The NPR-A record of decision comes as the Trump administration is scheduled to open sealed bids in the first oil and gas lease sale in the Arctic National Wildlife Refuge.
Expansion of oil drilling in NPR-A and opening the refuge to oil development were both objectives of an order issued in 2017 by Ryan Zinke, Trump’s first Interior secretary.
Both Trump administration plans are being challenged in federal court by plaintiffs who claim the development programs are based on flawed and shoddy environmental reviews.

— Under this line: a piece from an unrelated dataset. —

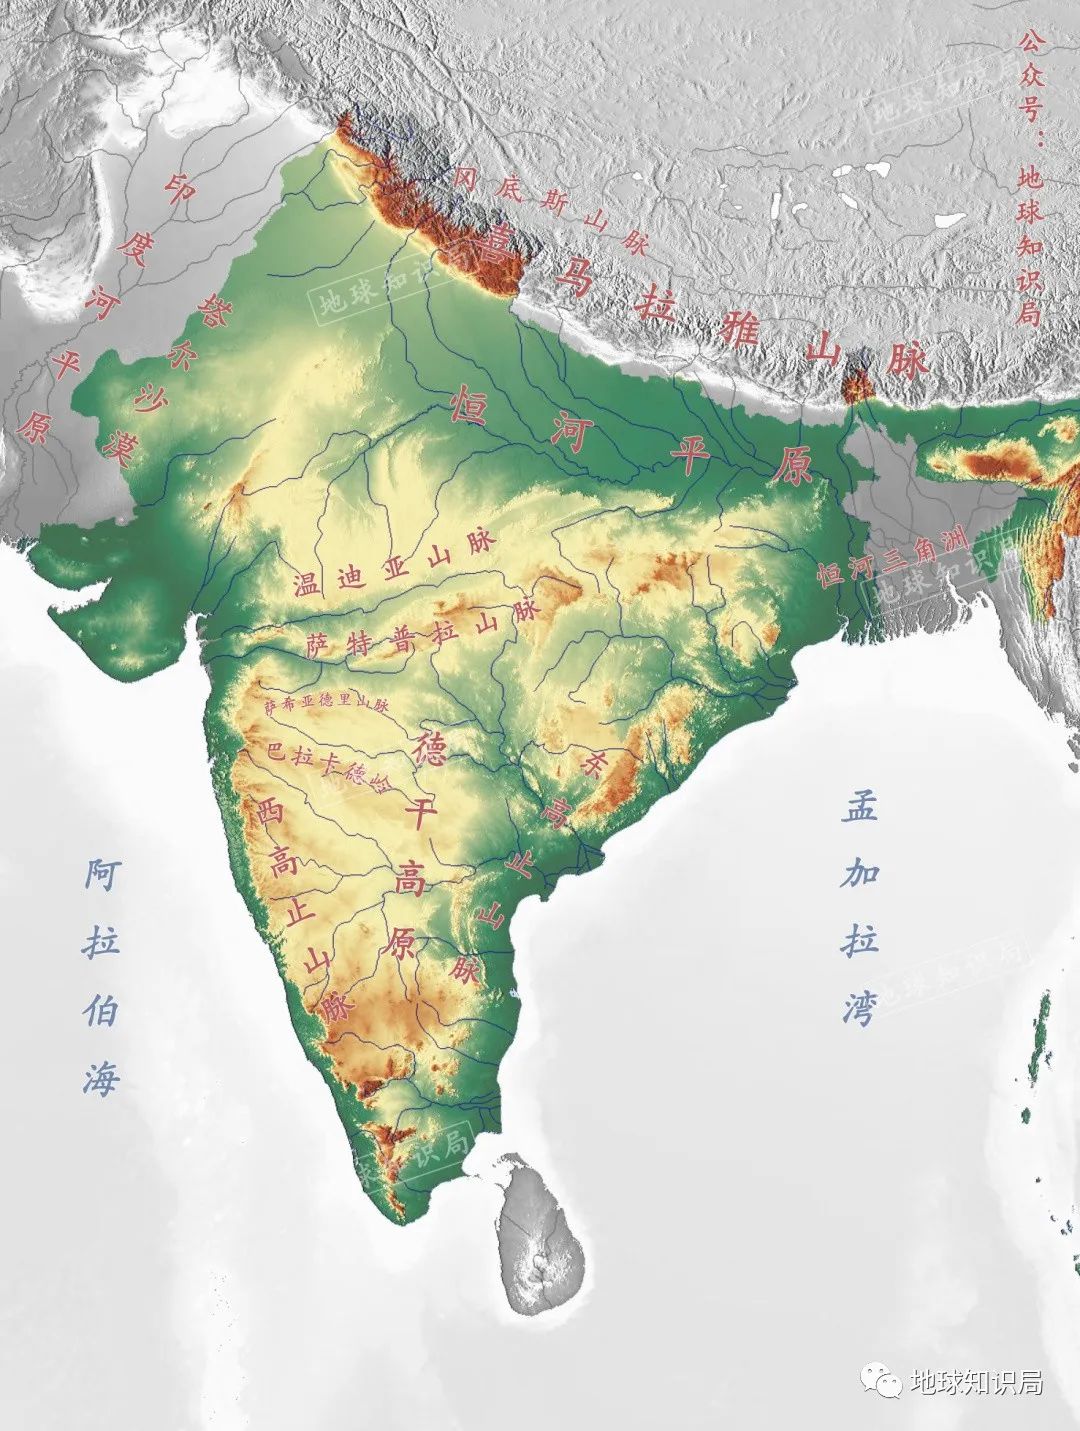 印度地图_印度地图中文版_印度地图全图_地图窝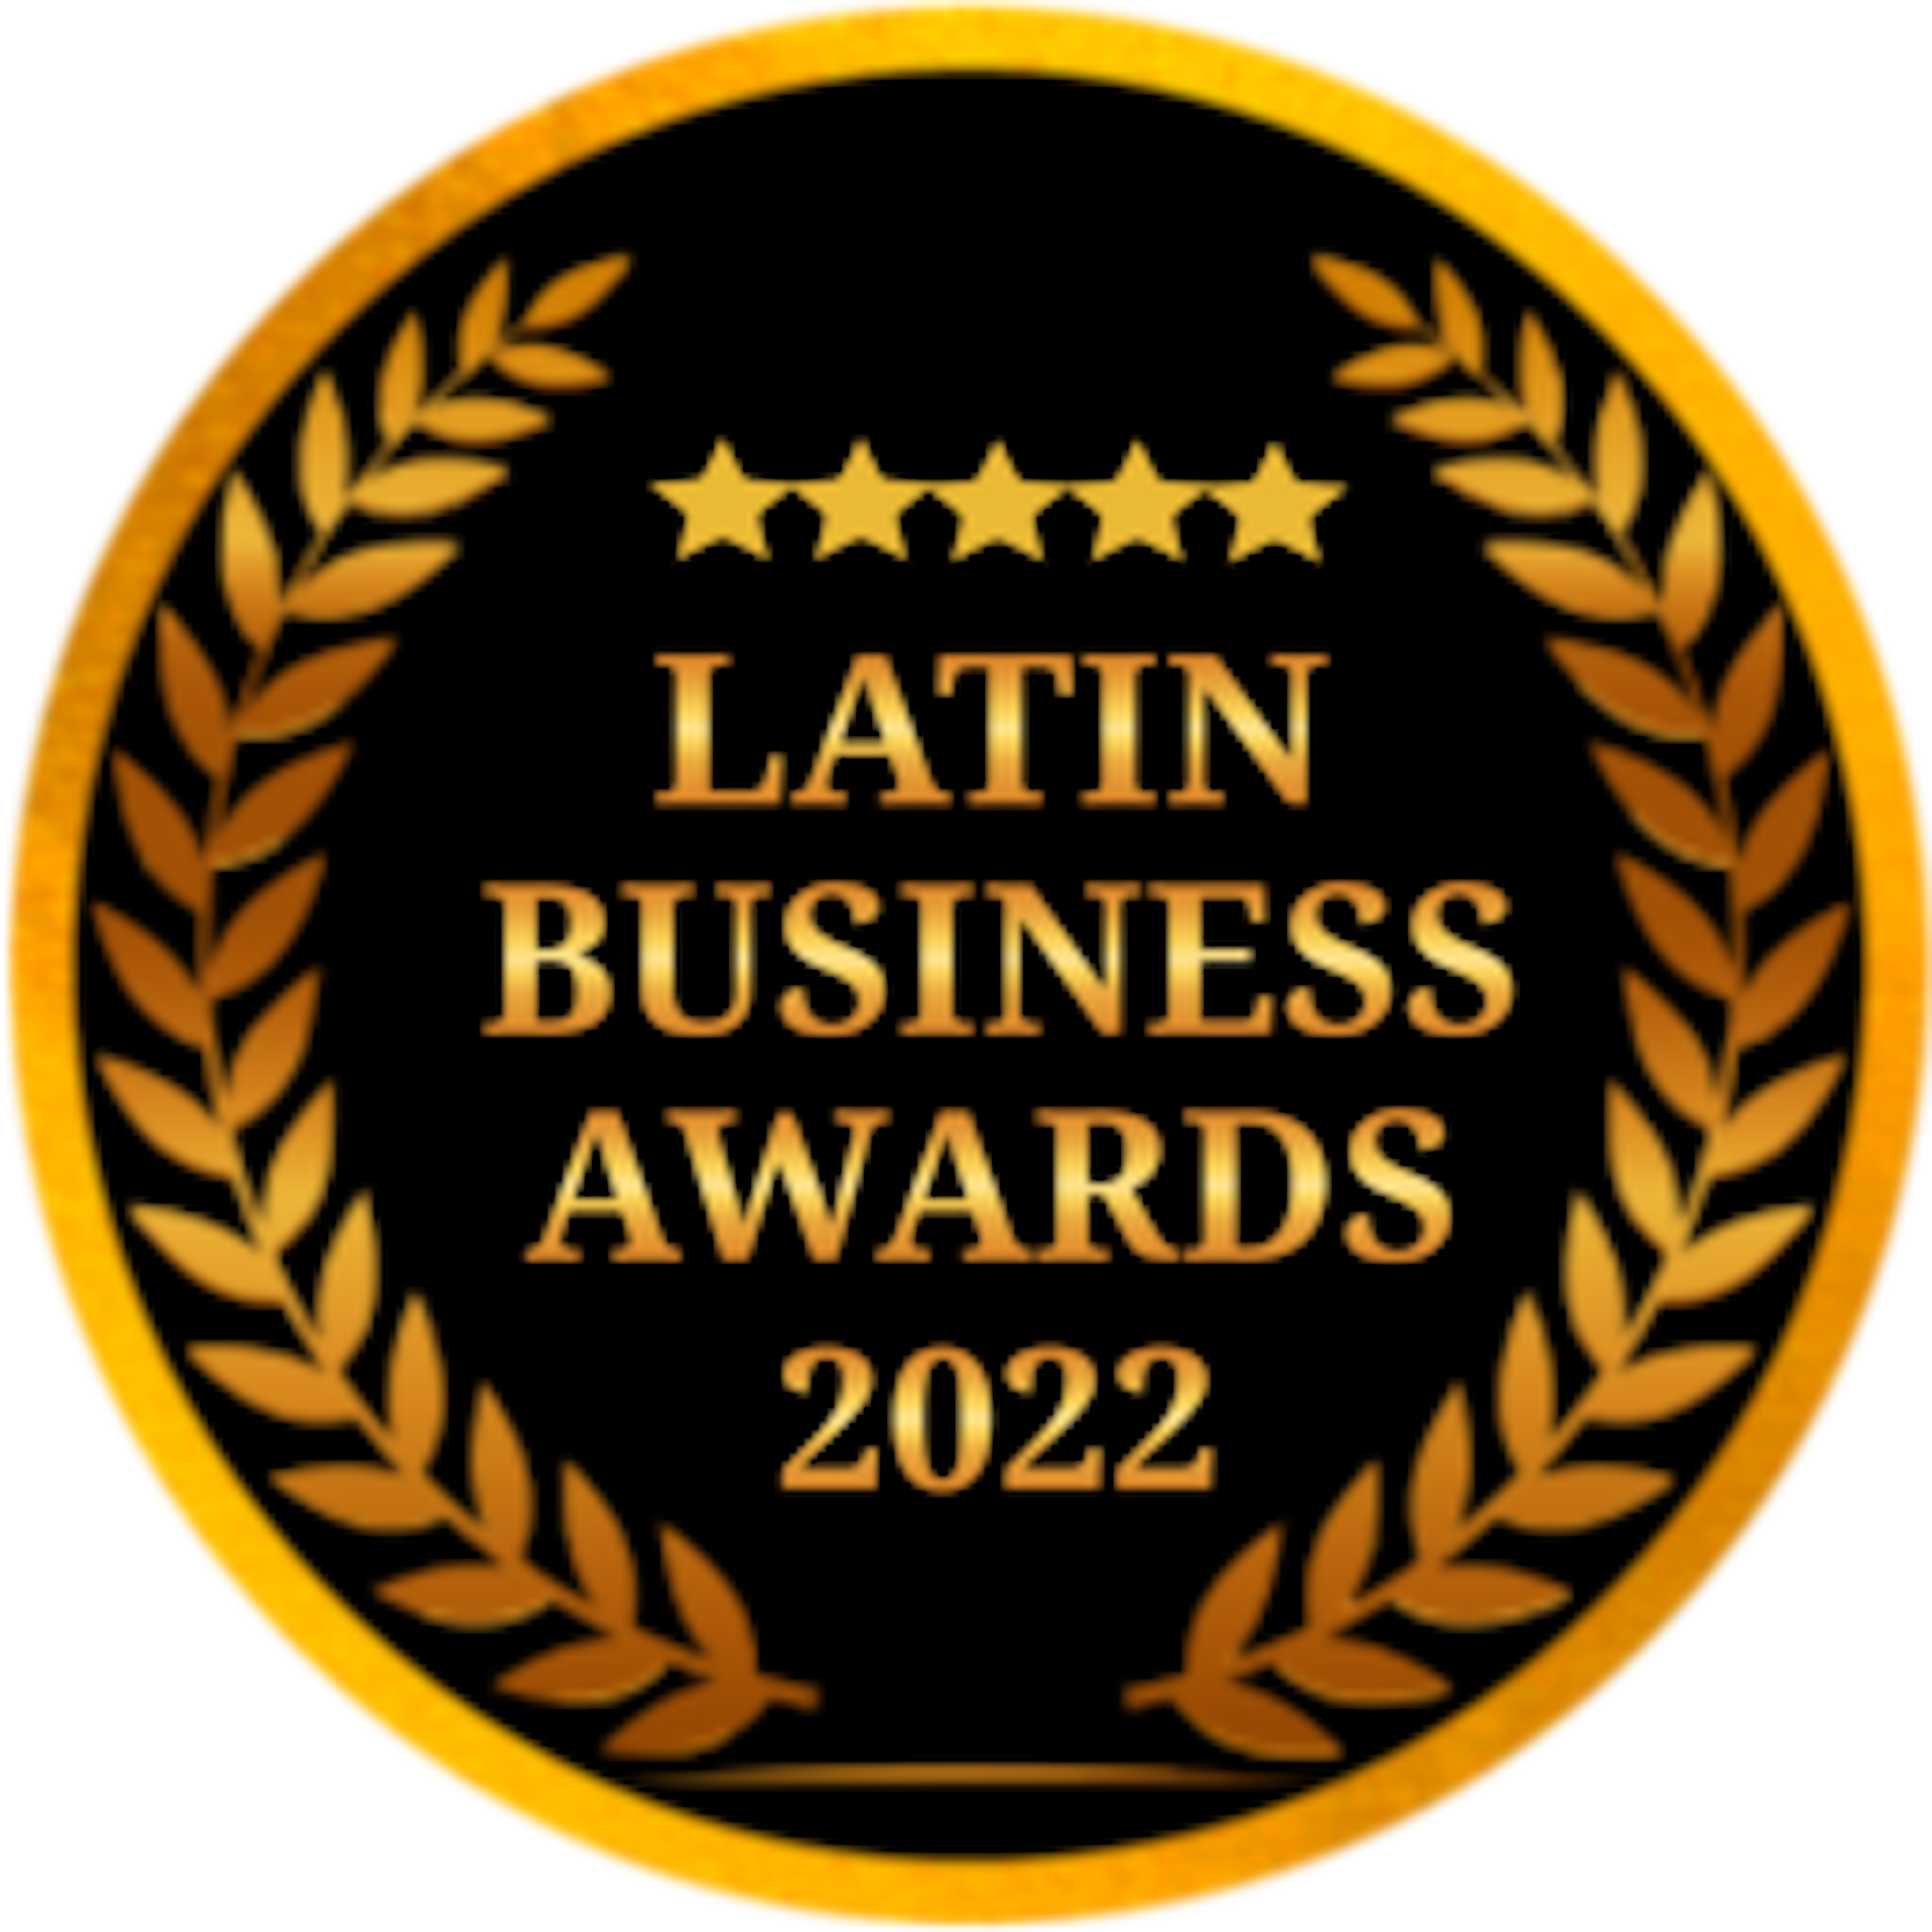 Latin Business Awards

Four pending federal lawsuits seek to overturn the ANWR leasing plan, and two lawsuits filed in August, within two months of the NPR-A final EIS, seek to overturn that plan.
The same day that the BLM announced the NPR-A record of decision, attorneys representing opposing sides in the ANWR debate argued in federal court over whether the Jan. 6 lease sale should be postponed.
Environmentalists and Native plaintiffs are seeking an injunction to delay the Jan. 6 lease sale, arguing that proceeding with it before the merits of the legal challenges can be determined creates immediate and irreparable harm. Those harms include post-leasing aircraft flights and vehicle traffic, seismic surveys and the bureaucratic momentum that would make it difficult for the BLM to change its leasing plan it the ultimate outcome of litigation results in an order to do that, the plaintiff attorneys said.
Attorneys for the Interior Department and some of the entities that intervened in support of the sale, including the Alaska Oil and Gas Association, the North Slope Borough and Kaktovik Inupiat Corp., argued that there is no compelling reason to delay the sale. Holding a lease sale will not create any on-the-ground impacts and thus no immediate harm to the plaintiffs, those attorneys argued.
U.S. District Court Judge Sharon Gleason said she plans to have a decision before bids are scheduled to be opened.
“I realize that it’s a rather short-term deadline in this particular case,” Gleason said at the Monday hearing, which was held by teleconference. “I will endeavor to enter a decision by the close of tomorrow.”
President-elect Biden and his nominee to head the Interior Department, U.S. Rep. Deb Haaland, oppose oil development in the Arctic refuge.